Simpler Alternative (Phr00t v2)

If qweneditutils custom node is unavailable, use the built-in TextEncodeQwenImageEditPlus with a separate EmptyLatentImage:

{
  "6": { "class_type": "TextEncodeQwenImageEditPlus", "inputs": {
    "clip": ["3", 0], "prompt": "<edit instruction>", "vae": ["4", 0], "image1": ["5", 0]
  }},
  "8": { "class_type": "EmptyLatentImage", "inputs": { "width": 1024, "height": 1024, "batch_size": 1 }}
}

Replace node 6 and add node 8 — KSampler latent_image connects to ["8", 0] instead of ["6", 1].

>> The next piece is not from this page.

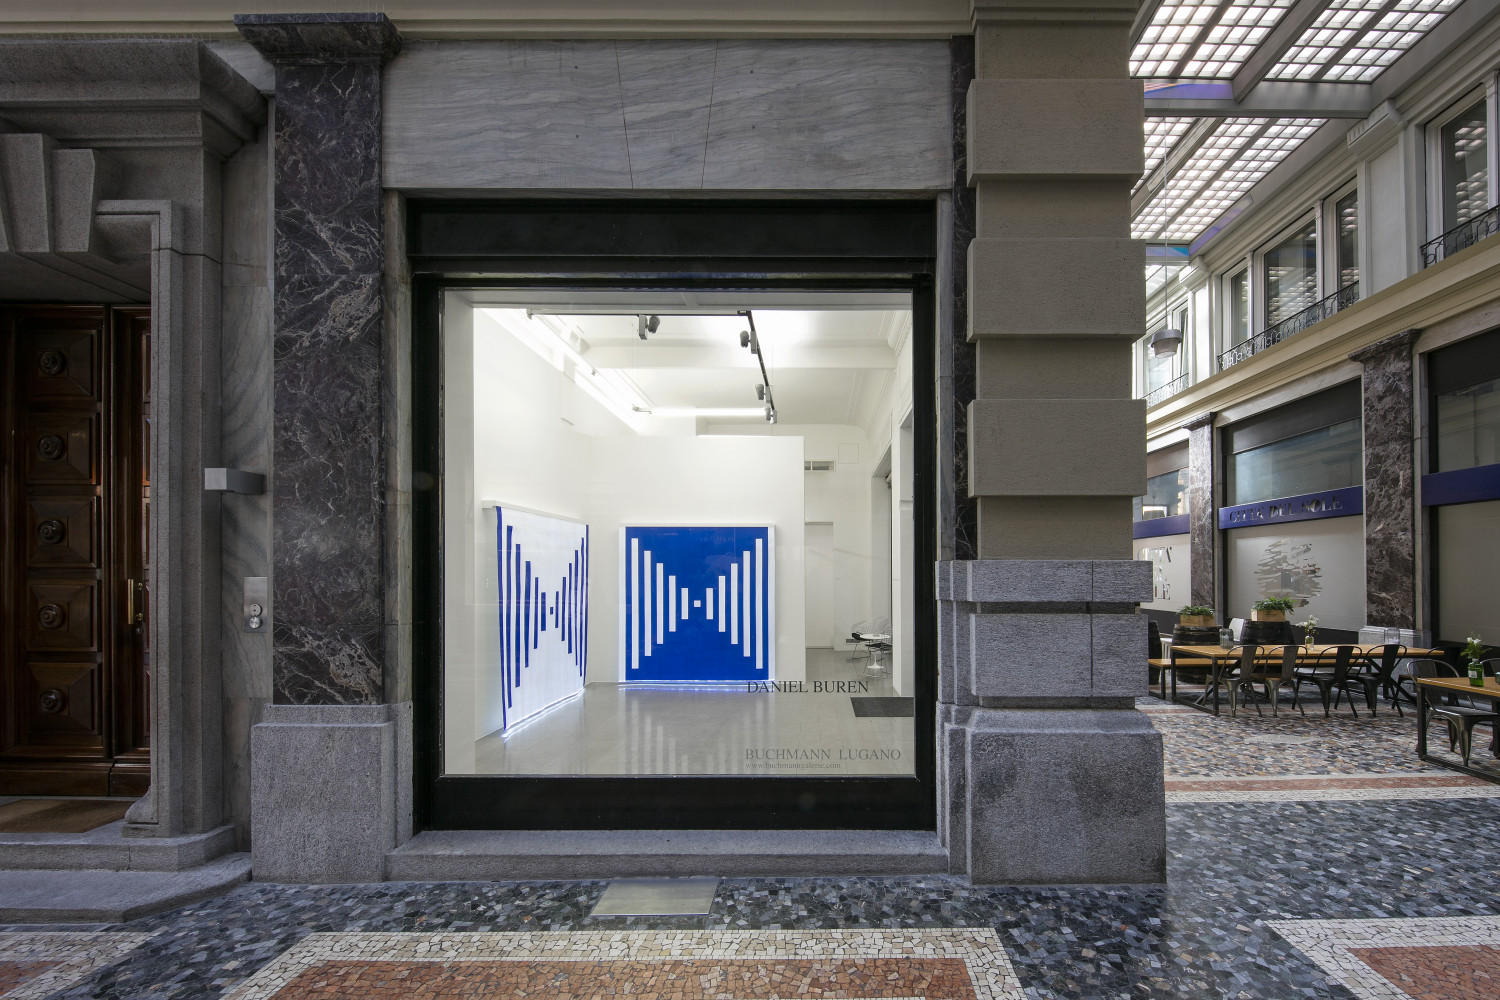 Daniel Buren, Installationsansicht, Buchmann Lugano, 2019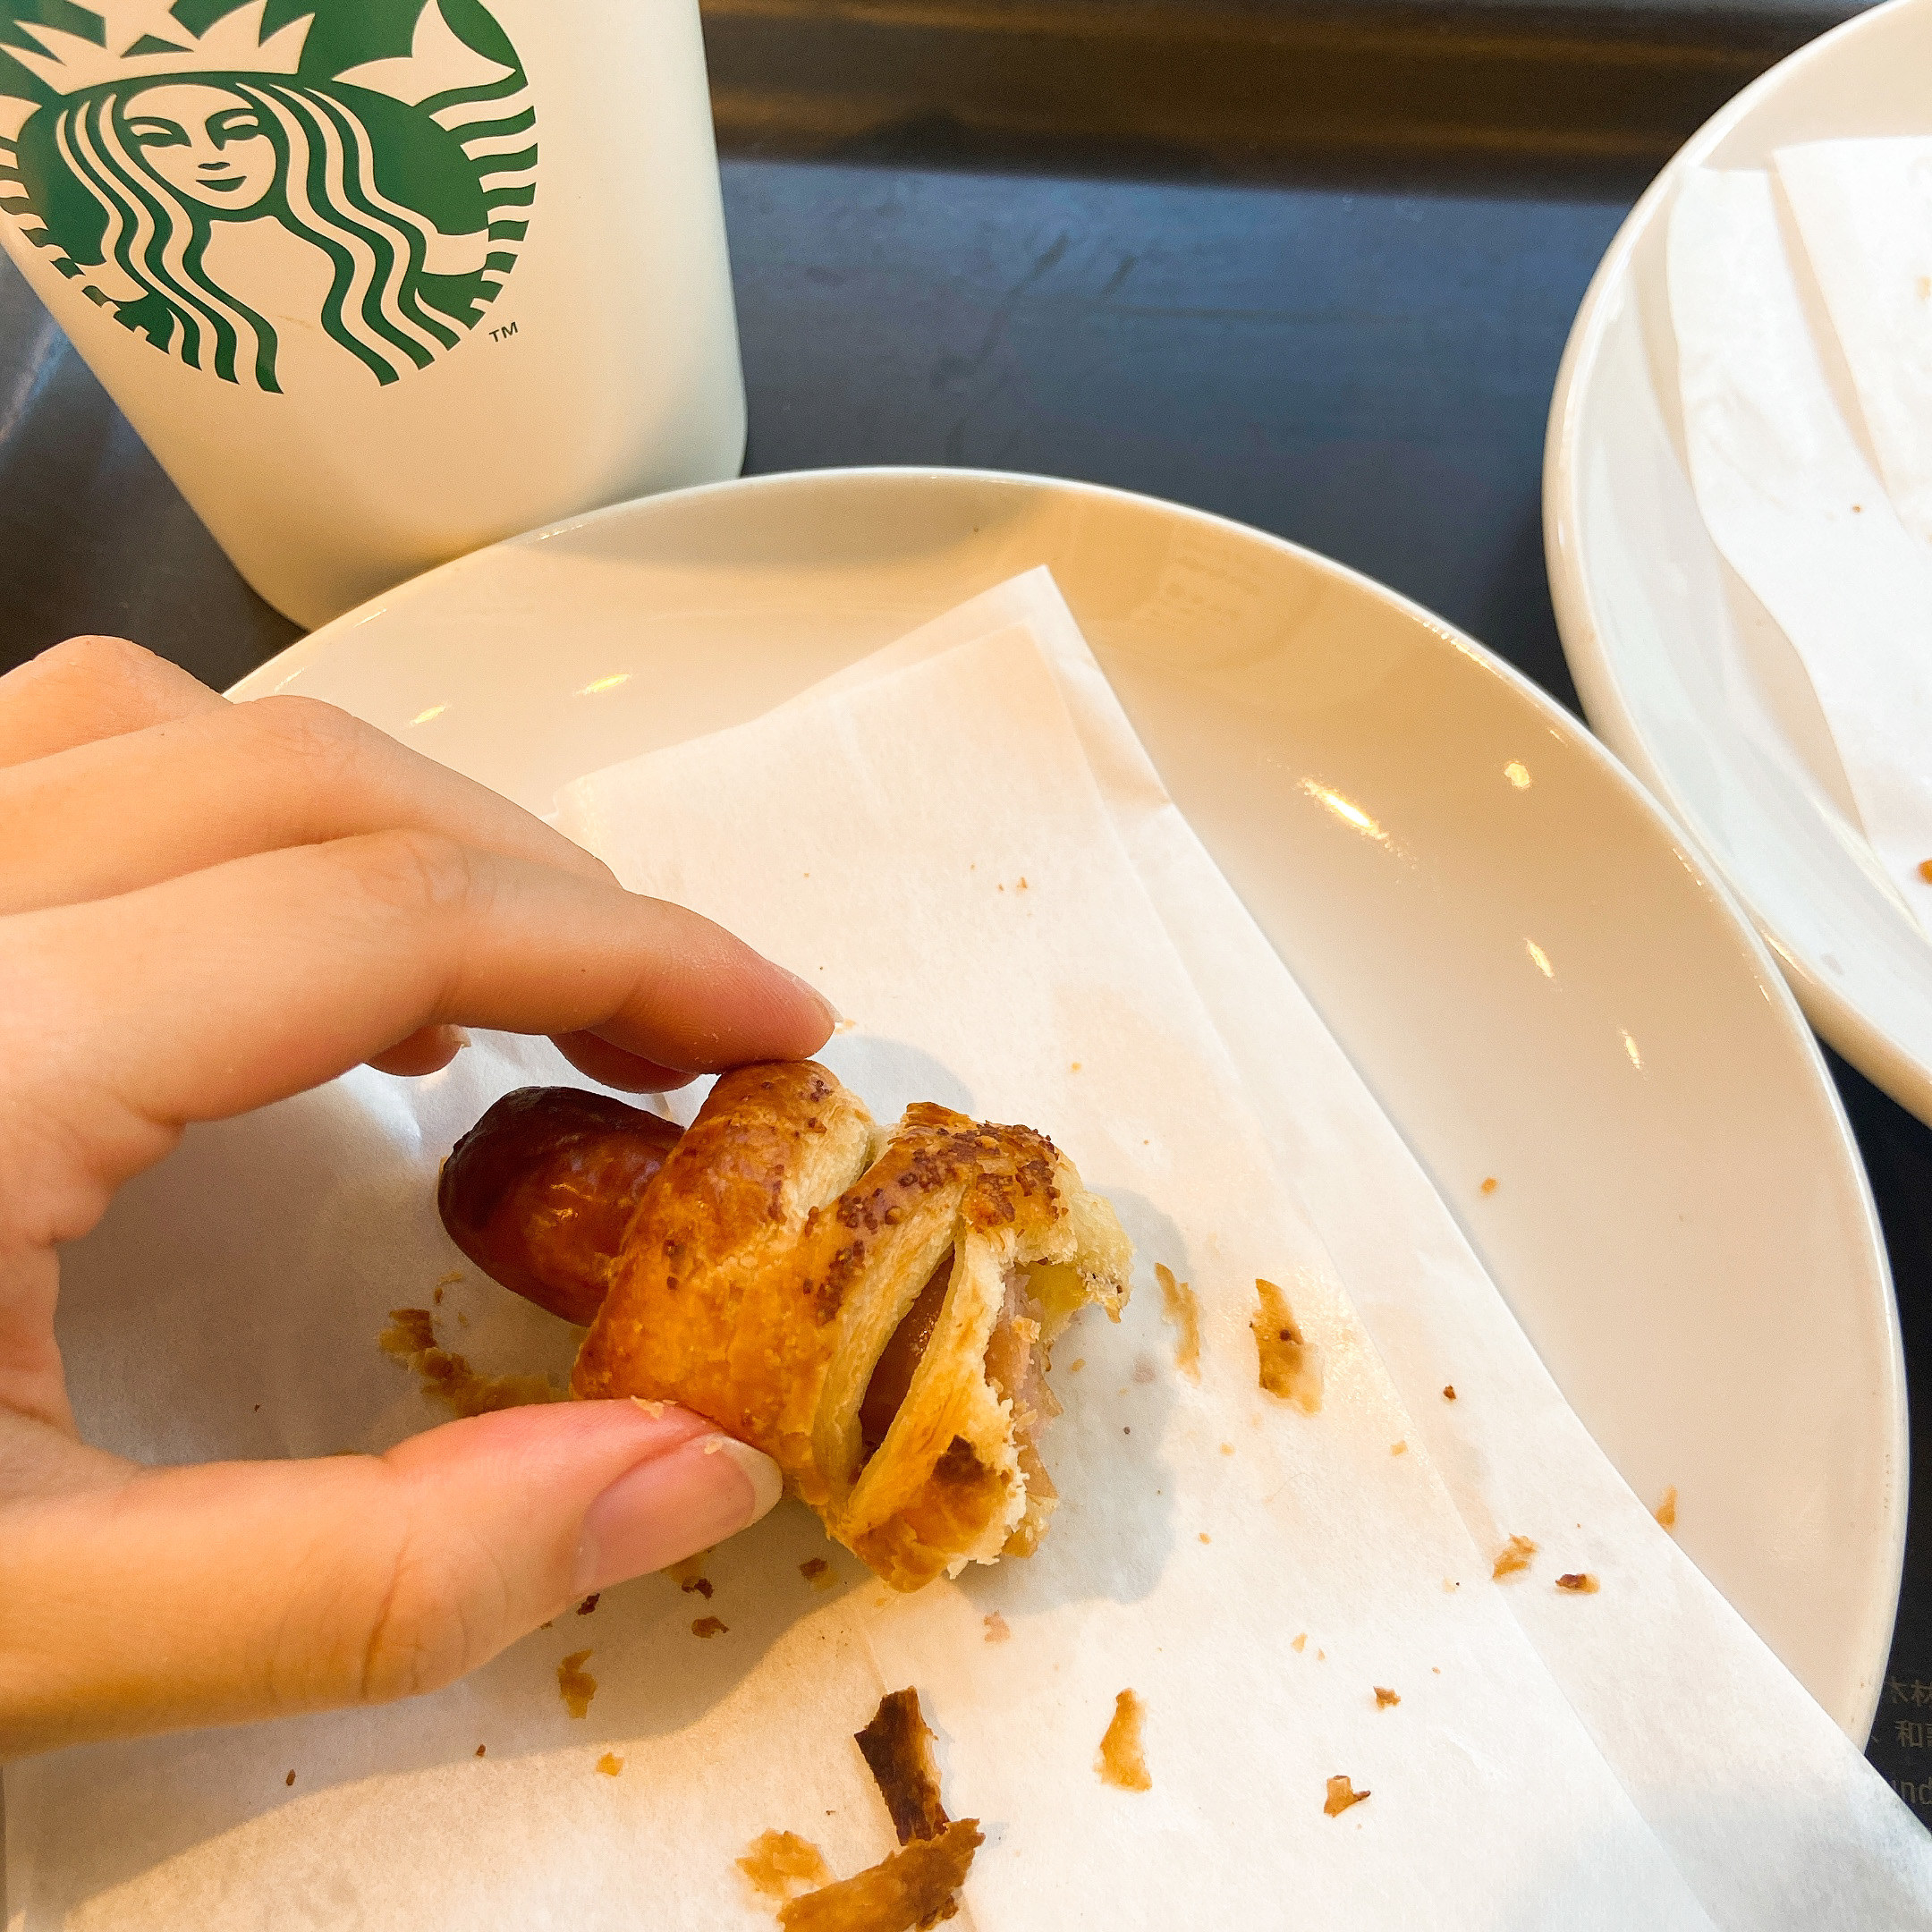 Starbucks Coffee（スターバックスコーヒー）のおすすめのフード「あらびきソーセージパイ」

Basic Variant (Official ComfyUI Example)

The official "Qwen 2511 Edit Simple" example uses newer built-in nodes for model patching and image scaling:

Additional nodes in the official pipeline:

  • ModelSamplingAuraFlow (shift=3.1) — Flow matching shift applied to the UNET. Used instead of ModelSamplingSD3.
  • CFGNorm (strength=1) — Normalizes CFG guidance for more stable generation. Applied after ModelSamplingAuraFlow.
  • FluxKontextImageScale — Auto-scales input images to the correct resolution for Qwen. No manual size parameters needed.
  • FluxKontextMultiReferenceLatentMethod (method=index_timestep_zero) — Applied to both positive and negative conditioning. Handles multi-reference latent indexing.
  • VAEEncode — Encodes the scaled image to latent (instead of EmptyLatentImage).

Official pipeline flow:

UNETLoader → [LoraLoaderModelOnly] → ModelSamplingAuraFlow (shift=3.1) → CFGNorm (strength=1) → MODEL
CLIPLoader (qwen_image) → CLIP
VAELoader → VAE

LoadImage → FluxKontextImageScale → scaled_image
  ├─ TextEncodeQwenImageEditPlus (positive) → FluxKontextMultiReferenceLatentMethod → positive CONDITIONING
  ├─ TextEncodeQwenImageEditPlus (negative, empty) → FluxKontextMultiReferenceLatentMethod → negative CONDITIONING
  └─ VAEEncode → LATENT

KSampler → VAEDecode → SaveImage

Official sampler settings:

Variant Steps CFG Sampler Scheduler Denoise LoRA
Standard 40 4.0 euler simple 1.0 none
Lightning 4 1.0 euler simple 1.0 2511-Lightning-4steps

Note: The FluxKontextMultiReferenceLatentMethod and FluxKontextImageScale nodes may not be needed when using Comfy's official model files directly, but may be required with community-repackaged models.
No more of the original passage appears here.